▶ Dataset entries
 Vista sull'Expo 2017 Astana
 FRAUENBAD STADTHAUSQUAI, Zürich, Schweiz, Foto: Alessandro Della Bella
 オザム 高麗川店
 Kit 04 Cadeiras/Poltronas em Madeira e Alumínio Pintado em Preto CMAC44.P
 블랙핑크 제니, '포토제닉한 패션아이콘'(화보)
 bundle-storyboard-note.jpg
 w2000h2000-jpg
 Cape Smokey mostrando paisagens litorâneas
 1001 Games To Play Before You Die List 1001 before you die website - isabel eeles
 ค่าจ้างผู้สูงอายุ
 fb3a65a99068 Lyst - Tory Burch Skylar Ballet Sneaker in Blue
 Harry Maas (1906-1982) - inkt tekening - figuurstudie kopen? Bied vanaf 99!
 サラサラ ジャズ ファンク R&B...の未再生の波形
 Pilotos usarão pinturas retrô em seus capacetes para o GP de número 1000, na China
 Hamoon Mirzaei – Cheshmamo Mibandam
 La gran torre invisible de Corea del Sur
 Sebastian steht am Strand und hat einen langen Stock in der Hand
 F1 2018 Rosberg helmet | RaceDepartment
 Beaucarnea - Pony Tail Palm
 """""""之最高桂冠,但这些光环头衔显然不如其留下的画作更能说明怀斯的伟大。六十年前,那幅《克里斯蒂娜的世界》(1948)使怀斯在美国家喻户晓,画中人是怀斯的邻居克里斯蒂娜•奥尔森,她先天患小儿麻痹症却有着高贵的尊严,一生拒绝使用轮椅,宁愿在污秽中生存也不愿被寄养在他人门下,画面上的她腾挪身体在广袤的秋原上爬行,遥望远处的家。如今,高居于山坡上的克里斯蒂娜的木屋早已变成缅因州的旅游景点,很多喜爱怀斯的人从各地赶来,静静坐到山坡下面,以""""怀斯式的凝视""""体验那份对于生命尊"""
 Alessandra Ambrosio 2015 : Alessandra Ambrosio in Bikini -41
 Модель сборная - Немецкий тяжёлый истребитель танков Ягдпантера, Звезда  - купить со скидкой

▶ TASK TO CARRY OUT
Retype exactly the lines above, from the one with "Cape Smokey mostrando paisagens litorâneas" through the one with "fb3a65a99068 Lyst - Tory", inclusive.

▶ RESULT OF THIS EXERCISE
 Cape Smokey mostrando paisagens litorâneas
 1001 Games To Play Before You Die List 1001 before you die website - isabel eeles
 ค่าจ้างผู้สูงอายุ
 fb3a65a99068 Lyst - Tory Burch Skylar Ballet Sneaker in Blue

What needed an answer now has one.